Celeste is a fiber operator, but it is also a provider of hosting solutions and a whole range of security solutions, a turning point that began in 2021 with the acquisition of Oceanet. It was as part of this merger that Pascal Bendimerad, initially CISO of Oceanet, was appointed CISO of Celeste group, responsible for defining the group’s governance and security policy.
“At the CISO level, I work with my deputy. But we also rely on a network of correspondents in each site of the group, around ten in total, who monitor deployments and provide us with information” explains Pascal Bendimerad.
At the same time, the company can count on operational teams, such as the internal SOC team, as well as more occasionally on the help of the cybersecurity team, primarily responsible for selling intrusion tests to the company’s clients. . “These are teams with whom I collaborate regularly, but my role is at the governance level. My scope is across the entire group, but I have a focus on the hosting and outsourcing part,” he explains.
Define security policy
Pascal Bendimerad’s job is above all to define the company’s security policy and to ensure that it is properly implemented by the various operational teams. This therefore involves considering the main threats that may target the company’s systems and proposing appropriate responses to overcome the problem.

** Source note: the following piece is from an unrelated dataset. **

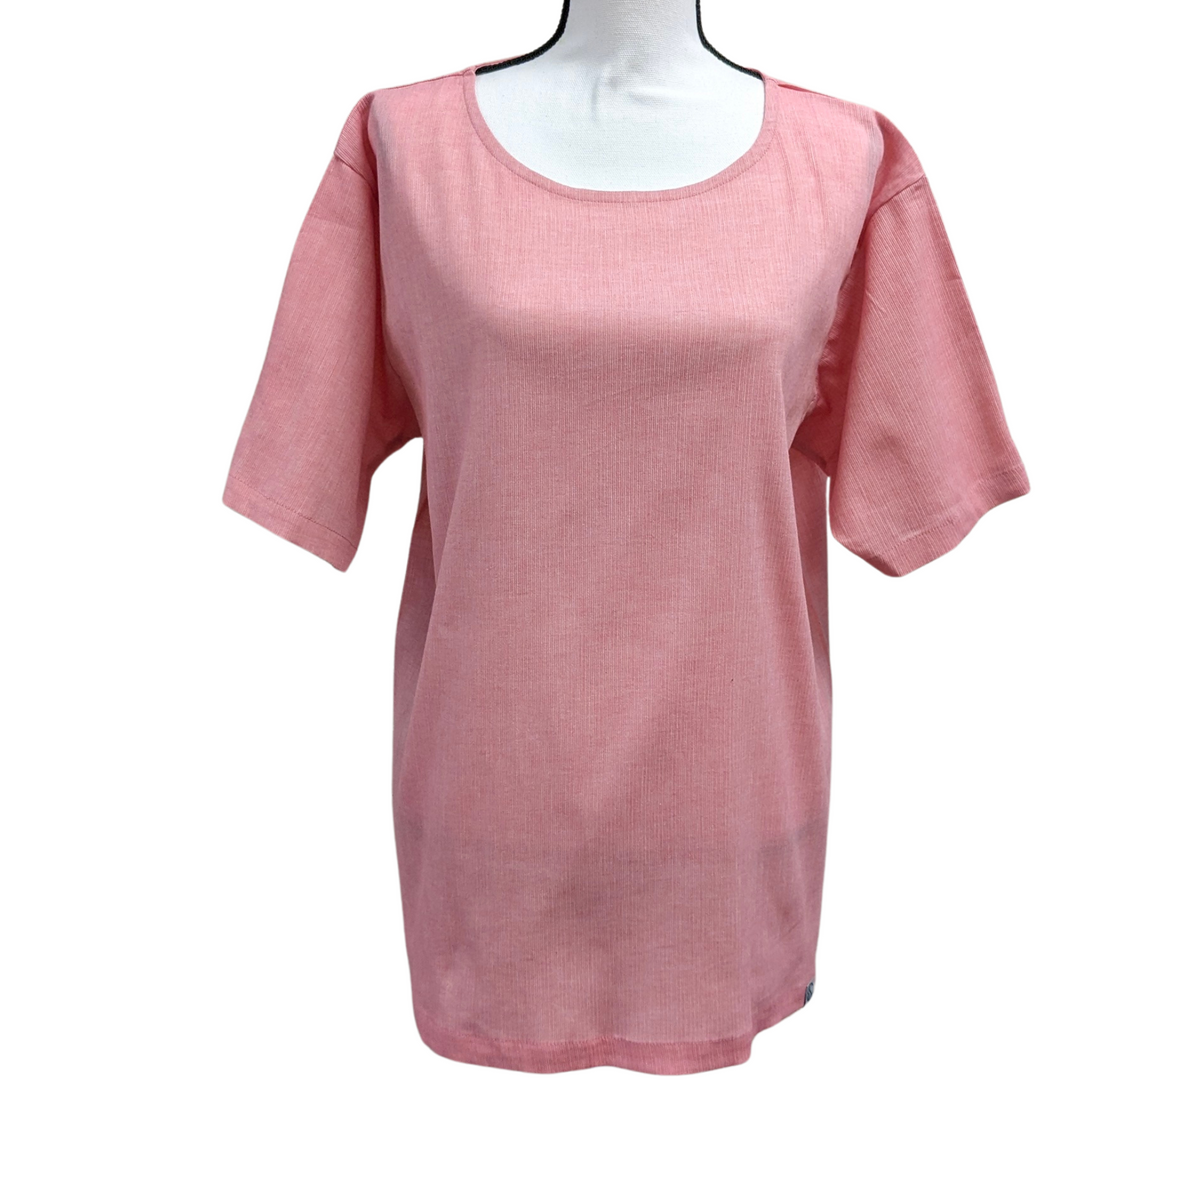 Cool, Stretchy, Comfy Lounge T-Shirt | Unisex | Solid Color | Pink, Navy, Gray - CHERRYSTONEstyle

“Our objective is to guarantee continuity, integrity, confidentiality and traceability,” he summarizes. “To respond to DDoS attacks, for example, we use traffic analysis and sorting solutions that are triggered in the event of an abnormal event.”
He is also consulted on the prioritization of vulnerabilities and the application of patches: “We have weekly meetings, during which I can press on subjects which seem urgent to us. I do not necessarily have the last word on these questions, but in general I am listened to.” Last facet of the activity, raising employee awareness of security issues.
At Celeste, the CISO position is not attached to the IT services department, but directly to the group’s presidency: “It’s a position that suits me completely, it allows me to interact with the IT department as with the group’s other departments. And this is good practice defined by the ISO 27001 standard.”
Certify and prevent
ISO 27001 is precisely what Pascal Bendimerad was busy with when we were able to chat with him. This well-known certification defines the requirements for implementing an information security management system. Oceanet obtained this certification for its hosting activities in 2016. It is now a matter of maintaining it by proving at regular intervals that the company continues to respect its commitments. And this is not the only certification to look out for: the activity has also been HDS certified since 2019.
Celeste also had IS27001 certification on one of its data centers since 2019, which the two companies are now striving to harmonize so as not to have a series of audits throughout the year.
“It’s something that requires a certain investment, I estimate that it represents 20% of our working time. But it’s important for the company, it’s a guarantee for customers and it assures them that we have managed to put in place good practices. Not having this certification would be a handicap today” summarizes Pascal Bendimerad. However, it is not necessarily a question of chasing after all the certifications: “Some are more interesting than others, some are more complex than others to implement. It is in any case a subject on which we communicate frequently with management.”
And to this are added the regulatory constraints which also weigh on the sector: the NIS 2 directive recently adopted by the European Union risks giving work to the CISO. “For NIS1, we were not completely sure if we were concerned, but on NIS2 there is no debate” explains Pascal Bendimerad. While waiting for the transposition of this directive into French law, it is better to get ahead and prepare to comply. “Fortunately, the good practices put in place for ISO27001 will help us. It is not exhaustive but we have put in place procedures and indicators that will help us do the work.”